Security model
What Encra protects against, what it doesn't, and why — with no marketing language.
Threat model
Encra is designed to protect message content even when the server infrastructure is fully compromised. The threat model assumes:
What we protect against
Server compromise
Server only stores public keys and ciphertext blobs. No plaintext, no private keys, no shared secrets. Even full server access yields nothing readable.
Network interception (MITM)
XSalsa20-Poly1305 is an authenticated cipher. Any modification to the ciphertext causes decryption to fail with DecryptionFailedError. The attacker cannot modify messages silently.
Key compromise revealing past messages
Message keys are deleted immediately after use (forward secrecy). An attacker who obtains today's ratchet state cannot decrypt past messages.

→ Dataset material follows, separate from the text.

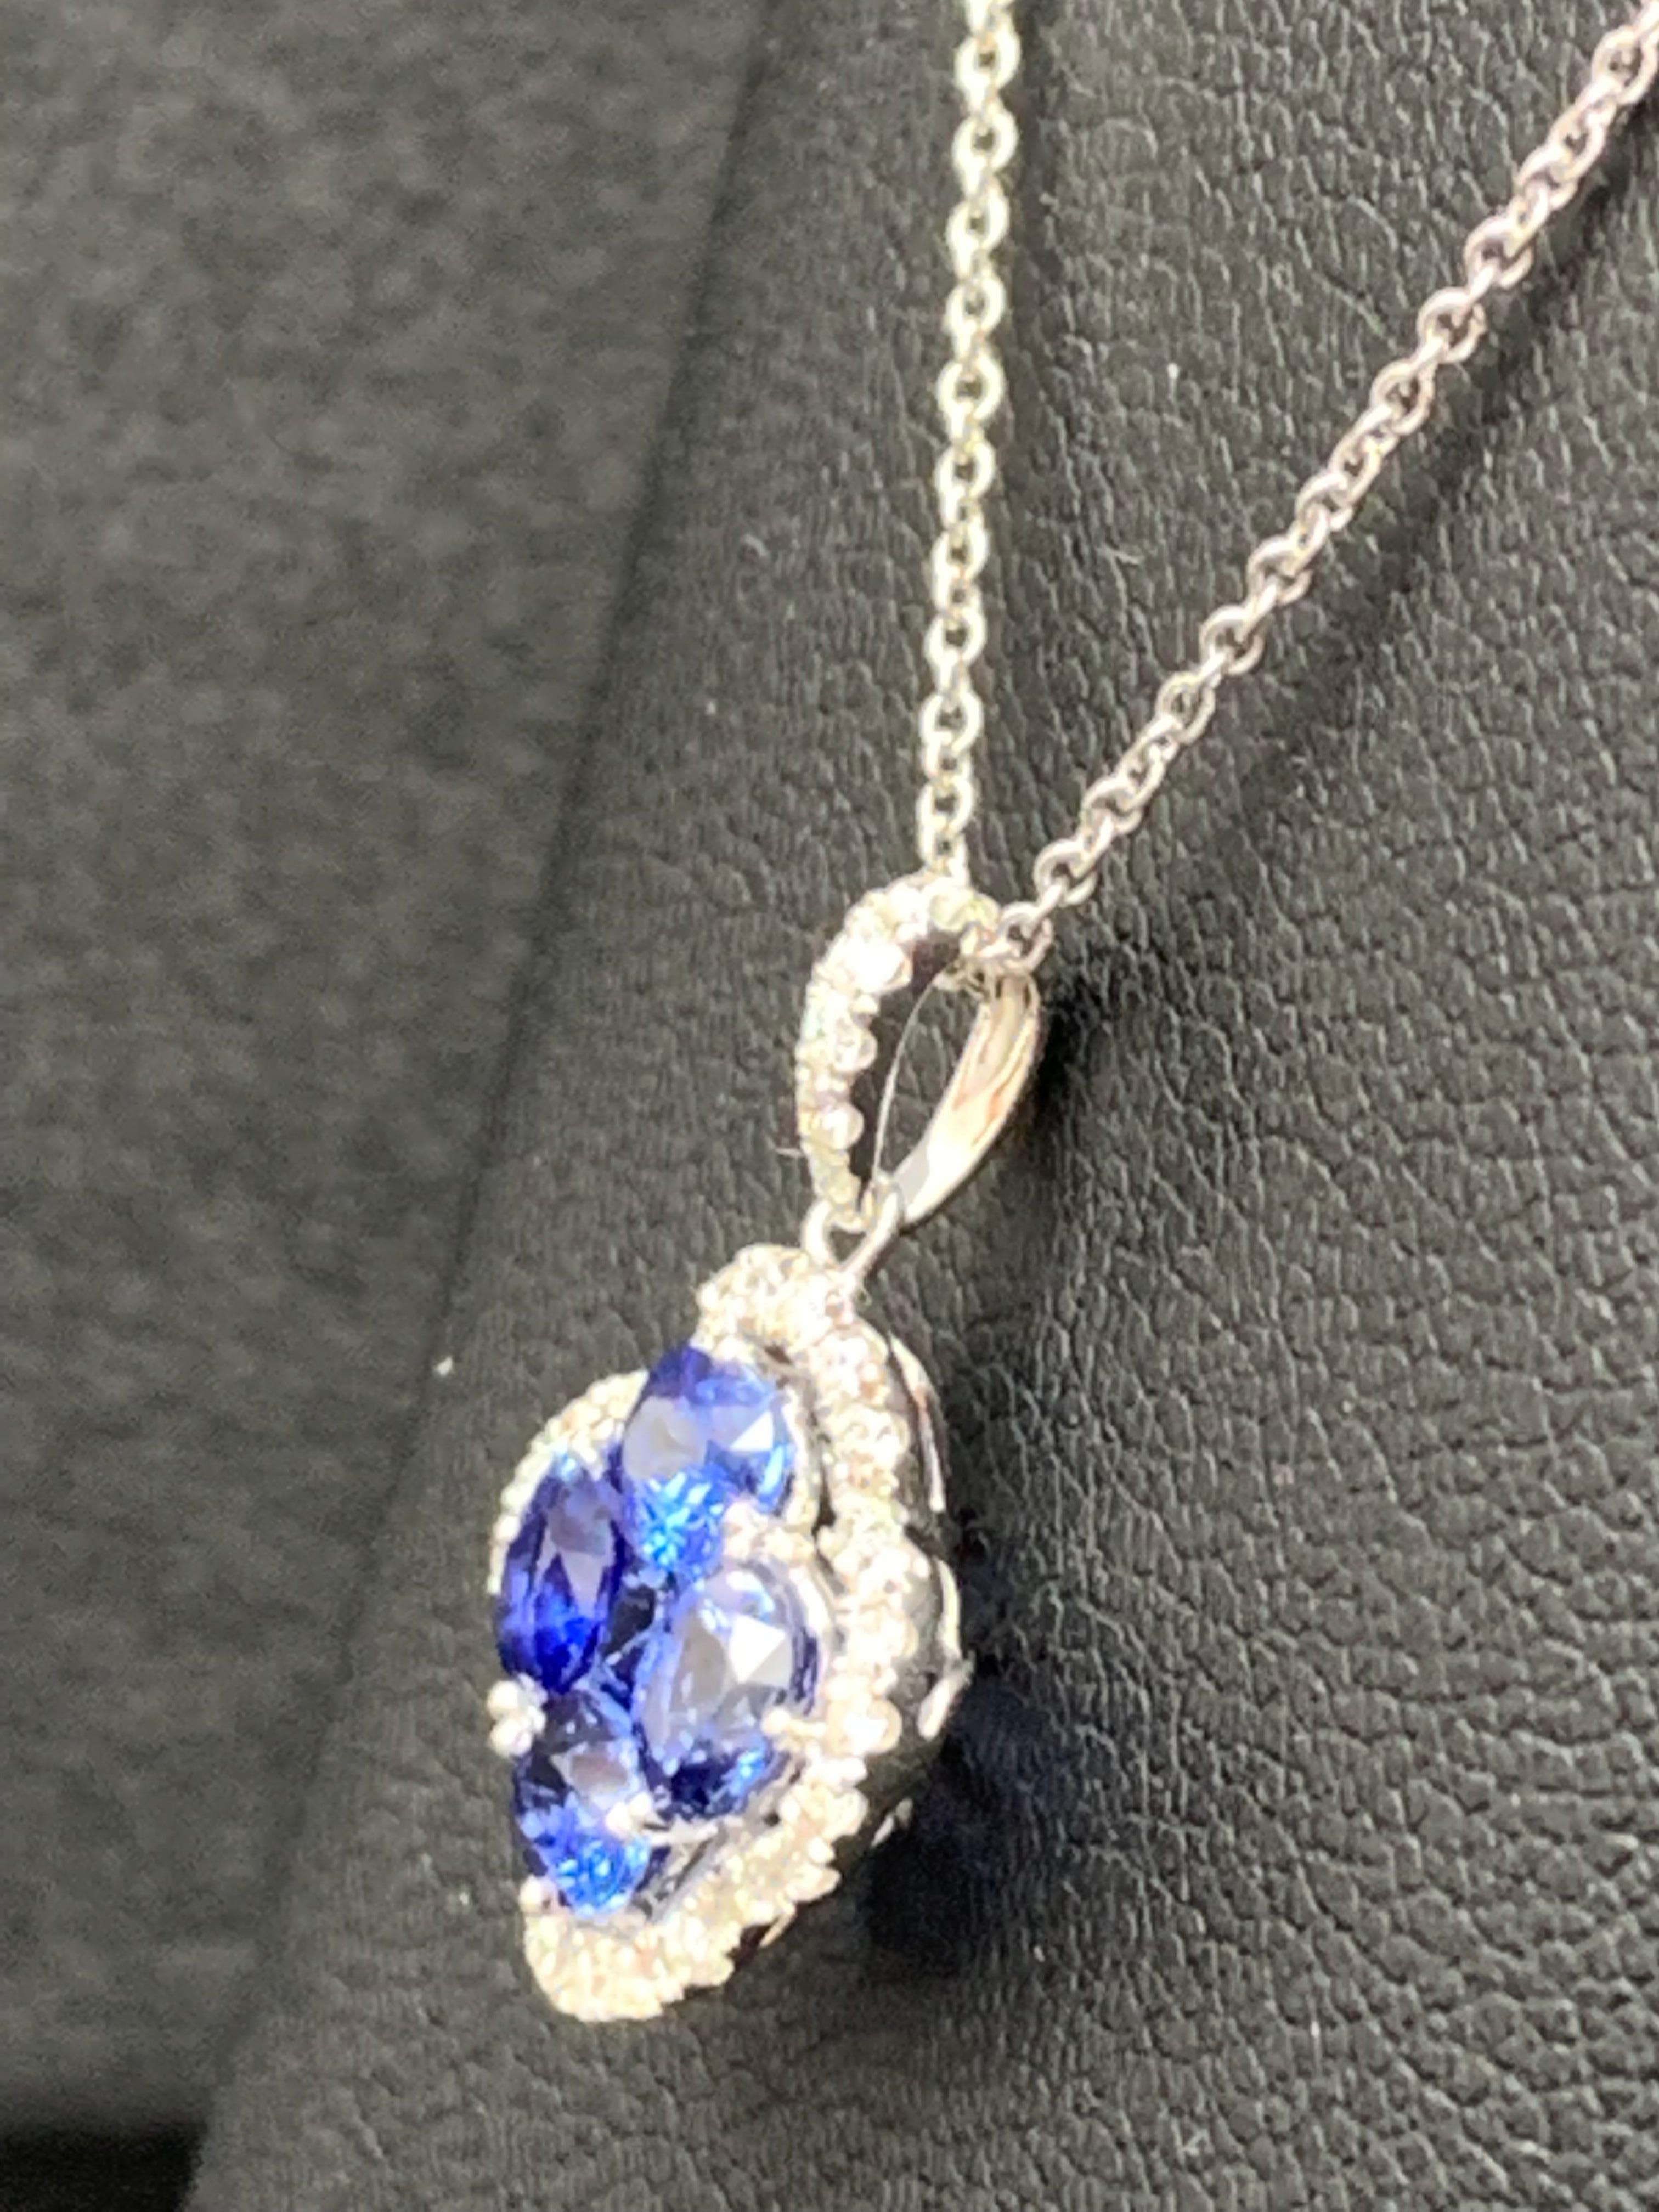 Showcasing flower design pendant with 4 oval shape Blue Sapphires weighing 1.33 carats total and 1 round shape Blue Sapphire weighing 0.13 carat, accented by a row of 33 round brilliant diamonds. Diamonds weigh 0.25 carats total. Set in a polished

Key compromise revealing future messages
The DH ratchet generates new key material on every direction change. After the next DH step, the attacker loses access — they cannot decrypt future messages.
Weak randomness
All nonces and key pairs are generated by libsodium's randombytes_buf(), which uses the OS CSPRNG (getrandom on Linux, SecRandomCopyBytes on Apple).
Ciphertext malleability
Poly1305 MAC is computed over the entire ciphertext. Any bit flip is detected. The cipher is not malleable.
Limitations
⚠ These are real limitations, not disclaimers
⚠ Compromised endpoint
If Alice's device has malware, the attacker reads plaintext before encryption and after decryption. End-to-end encryption cannot protect against a compromised endpoint — this is true of Signal, WhatsApp, and every other E2E system.
⚠ Metadata analysis
The server can see who is talking to whom, when, and how frequently — just not what they're saying. If you need metadata protection, you need an onion routing layer (Tor) in addition to Encra.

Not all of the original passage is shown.